**Data shown:**
◇ ◇ ◇
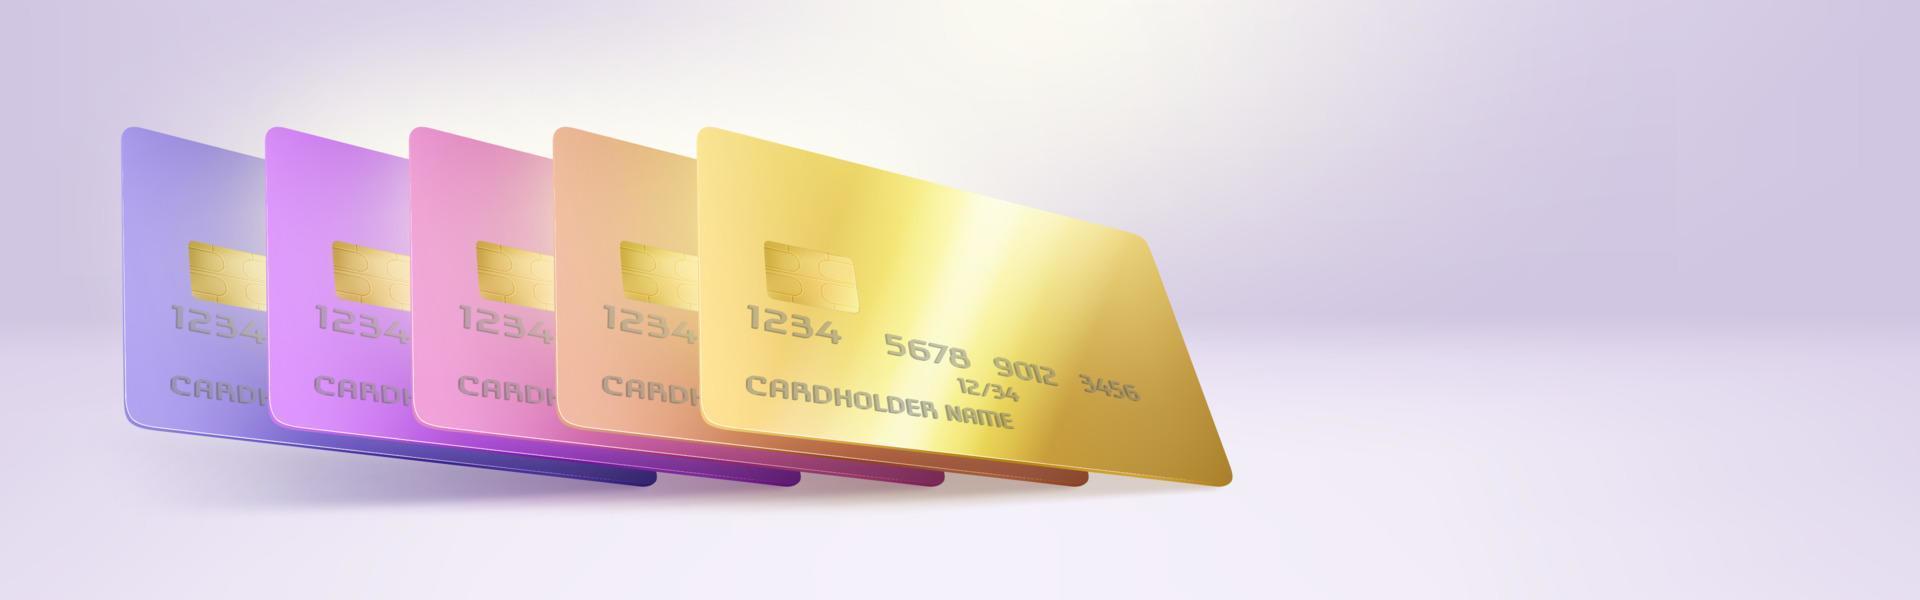 plantilla de banner de finanzas con tarjetas de crédito de plástico vector
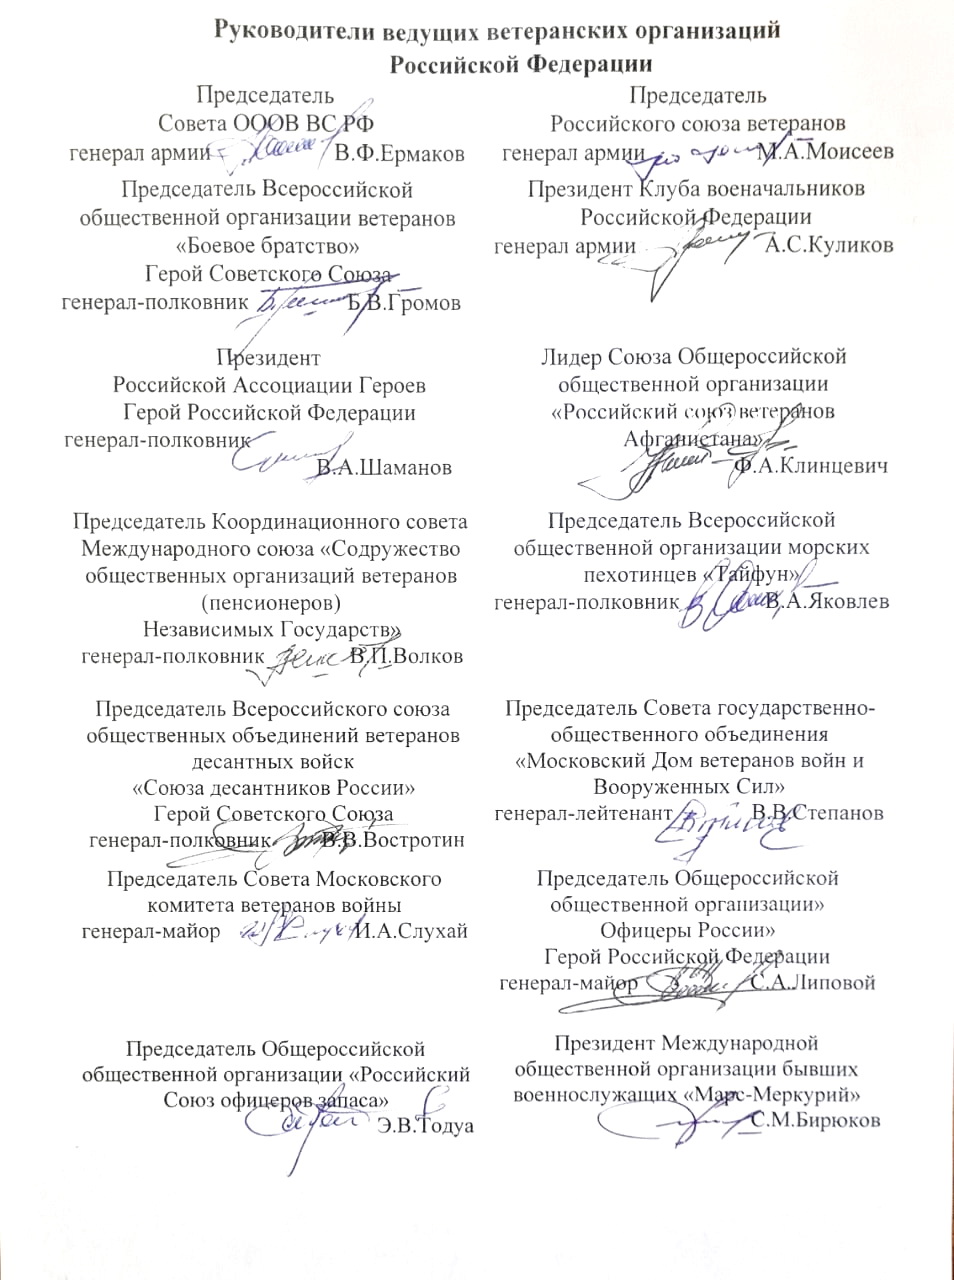 Совместное заявление ведущих ветеранских организаций в связи с проведением Вооруженными Силами Российской Федерации специальной военной операции по защите Луганской и Донецкой народных республик
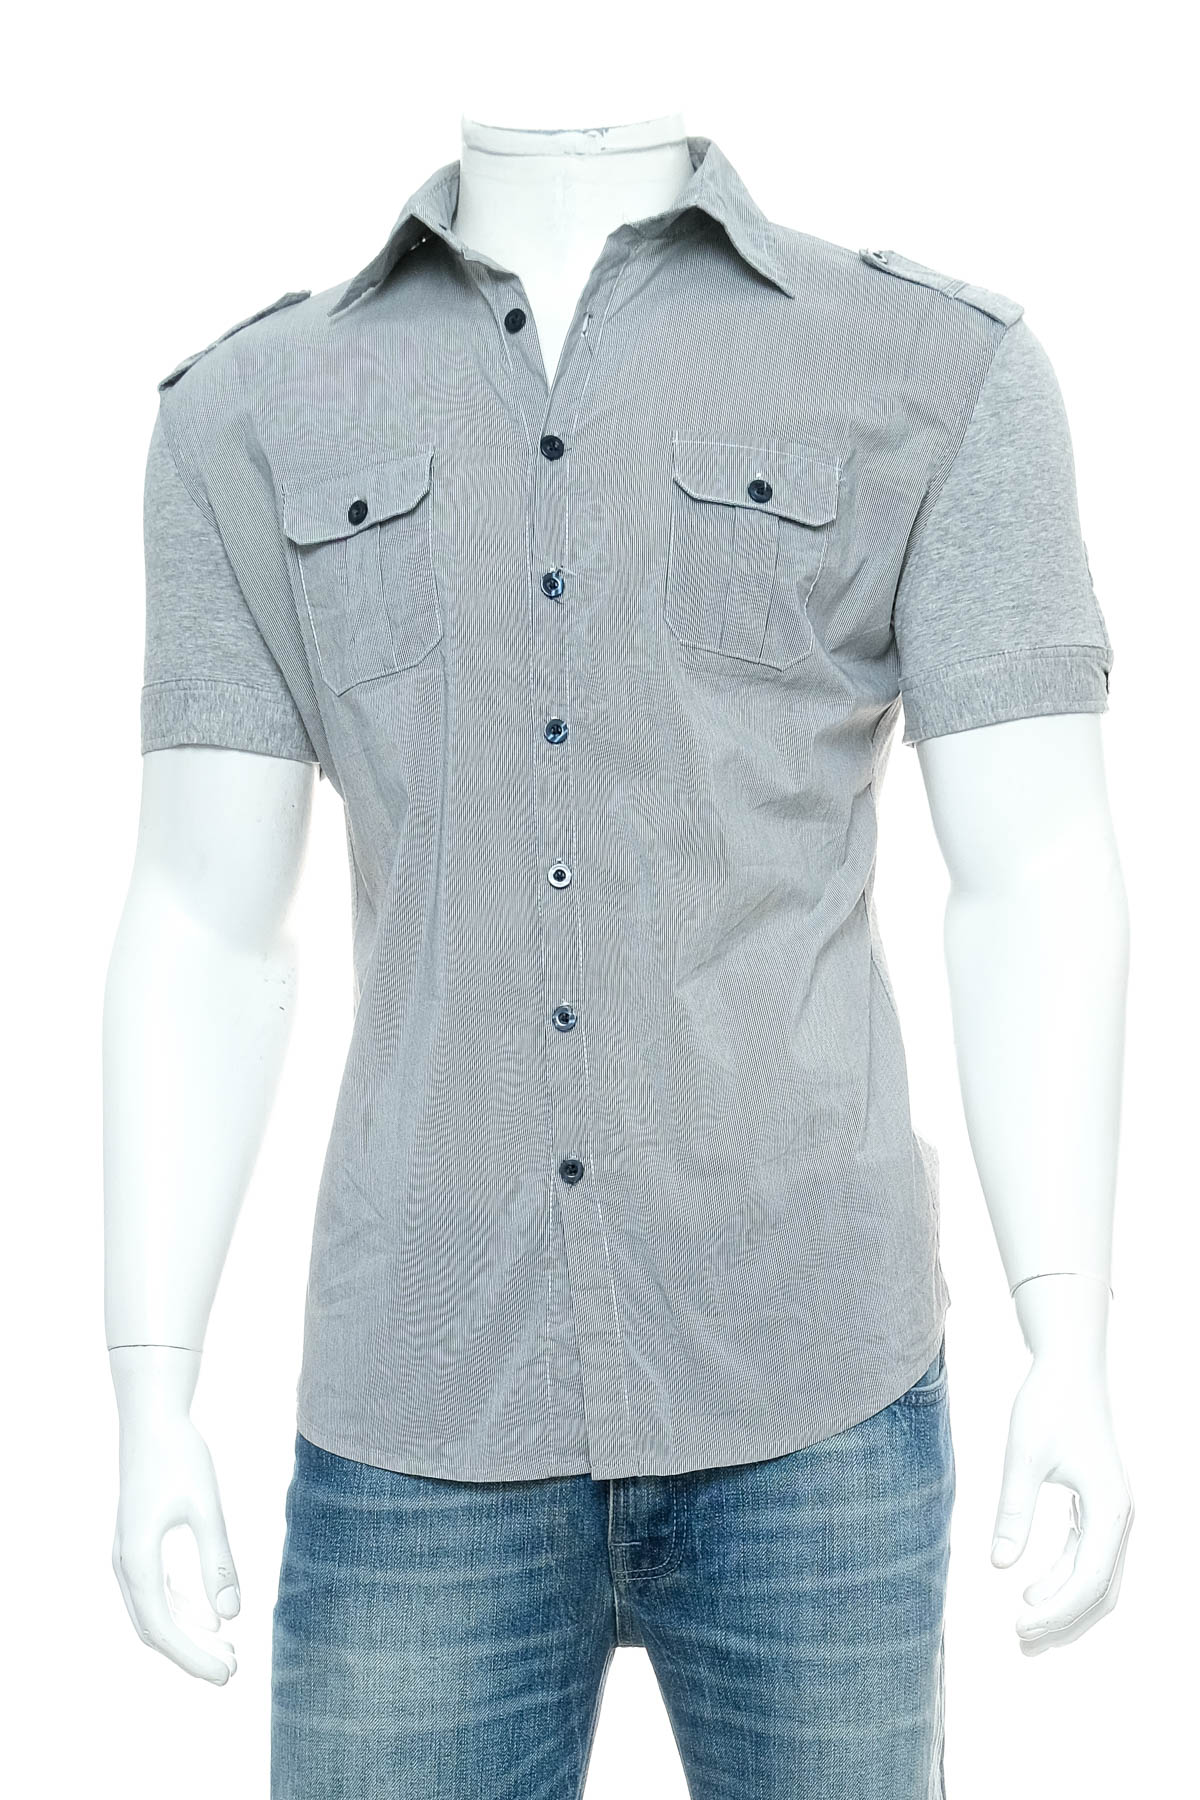 Ανδρικό πουκάμισο - Newoboy - 0
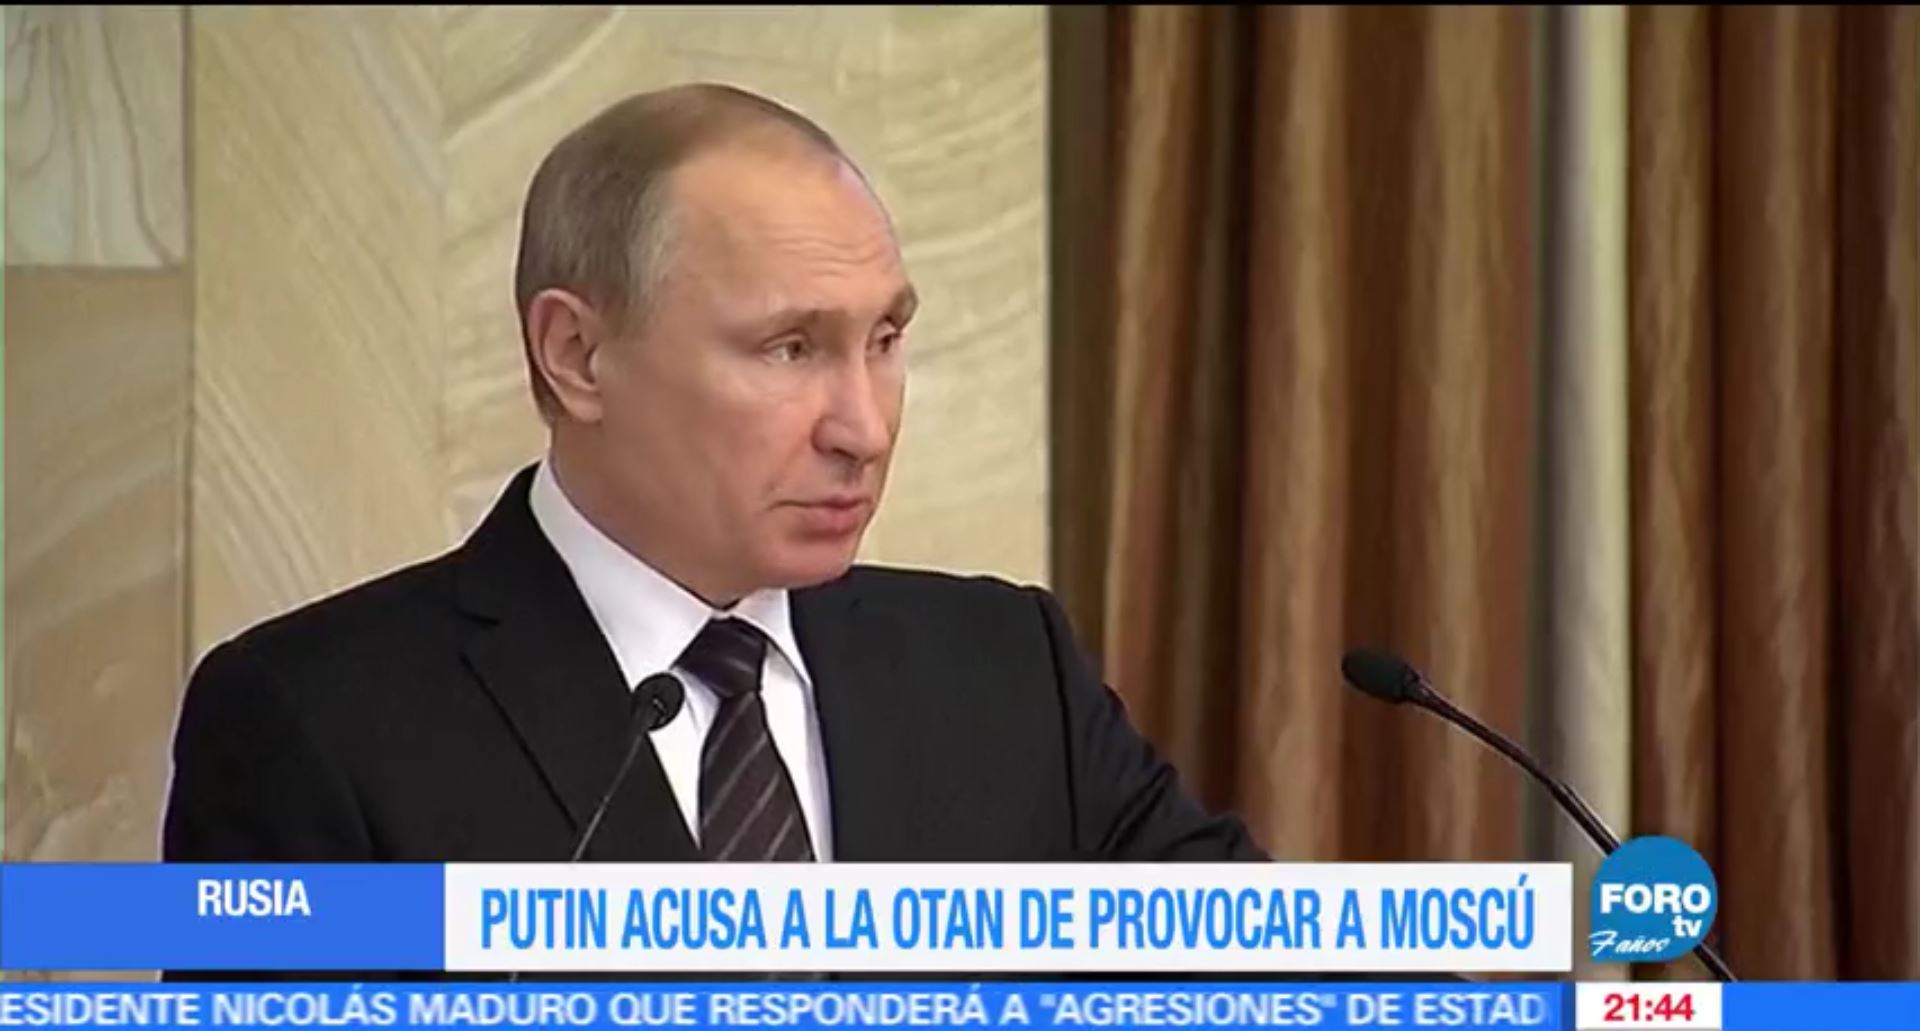 Vladimir Putin acusa a la OTAN de provocar a Moscú
◇ ◇ ◇
**Goal of the exercise:** Please retype the listing in full, exactly as given, and skip every image.

**Solved problem:**
 plantilla de banner de finanzas con tarjetas de crédito de plástico vector
 Совместное заявление ведущих ветеранских организаций в связи с проведением Вооруженными Силами Российской Федерации специальной военной операции по защите Луганской и Донецкой народных республик
 Ανδρικό πουκάμισο - Newoboy - 0
 Vladimir Putin acusa a la OTAN de provocar a Moscú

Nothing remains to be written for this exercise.